(Stored items)
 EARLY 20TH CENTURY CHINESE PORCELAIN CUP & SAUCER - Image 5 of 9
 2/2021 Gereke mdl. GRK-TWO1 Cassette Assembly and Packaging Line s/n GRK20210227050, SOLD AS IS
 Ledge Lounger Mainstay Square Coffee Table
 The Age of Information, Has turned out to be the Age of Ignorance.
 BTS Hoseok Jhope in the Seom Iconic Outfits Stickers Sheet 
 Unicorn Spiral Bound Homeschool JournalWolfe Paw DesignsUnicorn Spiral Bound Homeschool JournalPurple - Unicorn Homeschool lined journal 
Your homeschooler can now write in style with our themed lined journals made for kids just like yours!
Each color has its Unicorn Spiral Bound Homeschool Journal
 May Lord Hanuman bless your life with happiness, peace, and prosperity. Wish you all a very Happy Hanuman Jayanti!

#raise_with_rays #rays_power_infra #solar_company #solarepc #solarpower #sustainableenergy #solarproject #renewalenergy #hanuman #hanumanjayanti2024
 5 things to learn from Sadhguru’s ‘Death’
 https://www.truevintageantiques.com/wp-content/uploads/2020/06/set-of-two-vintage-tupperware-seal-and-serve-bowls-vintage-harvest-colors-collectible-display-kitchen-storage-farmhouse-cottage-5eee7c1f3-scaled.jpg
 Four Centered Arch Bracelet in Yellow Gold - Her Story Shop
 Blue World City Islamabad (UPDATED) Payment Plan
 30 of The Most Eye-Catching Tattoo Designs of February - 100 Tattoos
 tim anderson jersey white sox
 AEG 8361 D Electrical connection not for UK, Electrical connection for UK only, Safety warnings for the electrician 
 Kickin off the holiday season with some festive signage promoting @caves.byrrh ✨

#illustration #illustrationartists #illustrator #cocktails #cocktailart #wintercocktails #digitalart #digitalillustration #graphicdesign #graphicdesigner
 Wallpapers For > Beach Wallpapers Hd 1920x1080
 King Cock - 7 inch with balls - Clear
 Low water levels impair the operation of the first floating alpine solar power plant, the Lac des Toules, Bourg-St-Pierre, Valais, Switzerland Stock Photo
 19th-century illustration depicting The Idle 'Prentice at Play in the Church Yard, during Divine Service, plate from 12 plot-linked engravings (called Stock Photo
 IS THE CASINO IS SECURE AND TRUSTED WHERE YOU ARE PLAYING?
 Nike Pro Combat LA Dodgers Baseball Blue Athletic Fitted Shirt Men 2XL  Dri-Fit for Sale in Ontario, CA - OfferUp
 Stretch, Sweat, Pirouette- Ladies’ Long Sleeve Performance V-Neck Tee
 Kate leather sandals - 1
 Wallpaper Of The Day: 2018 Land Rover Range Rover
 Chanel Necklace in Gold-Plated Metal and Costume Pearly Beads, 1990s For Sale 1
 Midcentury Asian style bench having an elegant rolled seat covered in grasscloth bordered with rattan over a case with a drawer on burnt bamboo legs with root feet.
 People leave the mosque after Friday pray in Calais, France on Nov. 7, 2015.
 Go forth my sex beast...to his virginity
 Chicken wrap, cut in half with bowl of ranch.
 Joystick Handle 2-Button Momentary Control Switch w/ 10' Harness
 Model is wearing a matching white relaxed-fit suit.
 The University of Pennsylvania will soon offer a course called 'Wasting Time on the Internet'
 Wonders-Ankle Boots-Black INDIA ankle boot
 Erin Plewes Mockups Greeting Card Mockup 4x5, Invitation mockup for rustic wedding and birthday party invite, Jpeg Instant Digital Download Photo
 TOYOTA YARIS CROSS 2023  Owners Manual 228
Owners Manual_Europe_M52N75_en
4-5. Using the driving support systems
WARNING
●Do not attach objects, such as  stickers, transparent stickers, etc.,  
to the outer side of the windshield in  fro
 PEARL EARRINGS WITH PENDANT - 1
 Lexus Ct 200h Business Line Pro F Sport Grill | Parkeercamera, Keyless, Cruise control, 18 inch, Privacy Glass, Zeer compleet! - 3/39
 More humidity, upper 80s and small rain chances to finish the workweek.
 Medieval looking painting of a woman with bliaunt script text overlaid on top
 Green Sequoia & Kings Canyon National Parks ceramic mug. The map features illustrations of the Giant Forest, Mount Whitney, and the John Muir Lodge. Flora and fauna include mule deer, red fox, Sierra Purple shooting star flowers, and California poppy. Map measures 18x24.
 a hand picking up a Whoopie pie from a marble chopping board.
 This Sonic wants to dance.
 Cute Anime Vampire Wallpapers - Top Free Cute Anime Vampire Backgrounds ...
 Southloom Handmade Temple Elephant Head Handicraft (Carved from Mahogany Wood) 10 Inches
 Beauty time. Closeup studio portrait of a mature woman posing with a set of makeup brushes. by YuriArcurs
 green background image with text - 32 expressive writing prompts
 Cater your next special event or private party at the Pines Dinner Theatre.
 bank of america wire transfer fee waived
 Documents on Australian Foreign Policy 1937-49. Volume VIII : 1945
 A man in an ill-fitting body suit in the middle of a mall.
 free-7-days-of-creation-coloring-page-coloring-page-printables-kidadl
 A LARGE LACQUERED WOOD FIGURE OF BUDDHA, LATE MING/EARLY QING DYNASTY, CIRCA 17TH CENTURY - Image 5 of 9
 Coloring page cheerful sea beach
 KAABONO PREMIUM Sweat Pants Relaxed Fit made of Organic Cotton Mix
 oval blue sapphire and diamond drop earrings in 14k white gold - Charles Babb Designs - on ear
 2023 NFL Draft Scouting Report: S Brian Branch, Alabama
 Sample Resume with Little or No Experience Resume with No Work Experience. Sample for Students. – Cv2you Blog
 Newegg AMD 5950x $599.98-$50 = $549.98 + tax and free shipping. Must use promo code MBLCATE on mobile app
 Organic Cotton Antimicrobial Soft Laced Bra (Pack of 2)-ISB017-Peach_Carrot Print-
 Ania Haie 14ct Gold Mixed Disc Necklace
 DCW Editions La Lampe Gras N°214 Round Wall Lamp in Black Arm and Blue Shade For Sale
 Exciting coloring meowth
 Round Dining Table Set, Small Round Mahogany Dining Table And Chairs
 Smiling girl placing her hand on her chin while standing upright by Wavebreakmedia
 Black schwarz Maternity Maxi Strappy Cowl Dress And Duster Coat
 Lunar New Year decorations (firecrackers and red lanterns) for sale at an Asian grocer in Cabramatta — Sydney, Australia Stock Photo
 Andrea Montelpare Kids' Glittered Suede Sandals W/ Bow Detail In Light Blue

● To do
Your task is to copy each line of the data above that holds "Owners".

● Exercise result
 TOYOTA YARIS CROSS 2023  Owners Manual 228
Owners Manual_Europe_M52N75_en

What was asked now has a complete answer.